Financial stability implications of AI
AI adoption introduces systemic risks. Third-party dependencies on highly concentrated markets for GPUs, cloud services, and pre-trained models pose operational vulnerabilities. Market correlations could increase as FIs use similar AI models and datasets, potentially amplifying market stress. Automation in financial systems may exacerbate these vulnerabilities during periods of volatility.
Cybersecurity risks are heightened by GenAI, which lowers barriers for cybercriminals. Threat actors can leverage AI to execute phishing attacks, create synthetic identities, and compromise business emails. Governance issues, including opaque training data and model complexity, increase risks of errors and limit explainability during crises.
Key developments and monitoring challenges
The rapid pace of AI innovation complicates effective oversight. Financial regulators face skill gaps in data science and IT, impacting their ability to monitor vulnerabilities. Data exhaustion and the growing reliance on synthetic data introduce quality concerns. Additionally, smaller FIs may struggle to adopt AI, potentially widening resilience gaps.
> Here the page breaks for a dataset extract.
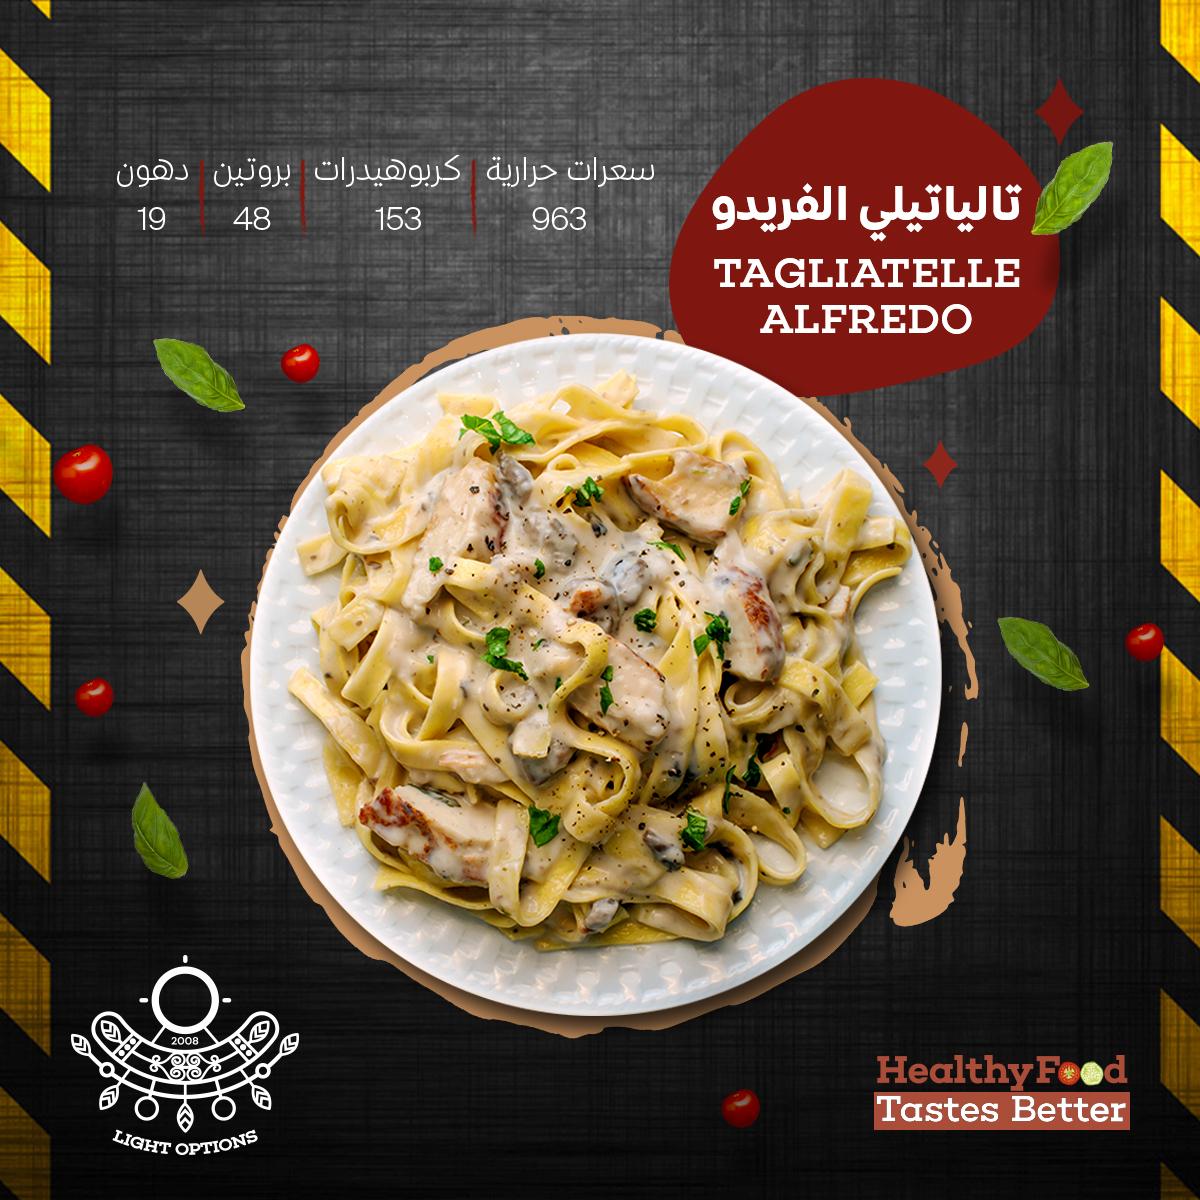 خليها اليوم #باستا   #kuwait #kuwaity #healthyfood #healthylifestyle  #Healthy #Fresh #Tasty #kuwtk #صحي #لذيذ #طازج  #HEALTHYFOODTASTESBETTER https://t.co/tc9xzleP7z

Recommendations and policy implications
The report recommends addressing data gaps by conducting surveys, enhancing public disclosures, and engaging with AI developers and financial institutions. Regulatory frameworks should be assessed for adequacy, with specific focus on model risk, cybersecurity, and AI governance. Jurisdictions like the EU are implementing AI-specific regulations, such as the AI Act, to address transparency and ethical alignment. Enhanced regulatory and supervisory capacities, including the use of supervisory technology (SupTech), are crucial. International cooperation is necessary to harmonise standards and practices across sectors.
Conclusion
AI offers significant benefits in operational efficiency, regulatory compliance, and customer service. However, it amplifies systemic risks, including third-party dependencies, market correlations, and cybersecurity vulnerabilities. AI-driven changes in macroeconomic conditions, market competition, and energy consumption may introduce further complexities. Current regulatory frameworks address many risks, but gaps remain in monitoring, governance, and regulation. Continuous engagement, research, and adaptive policies are essential to ensure financial stability as AI adoption grows.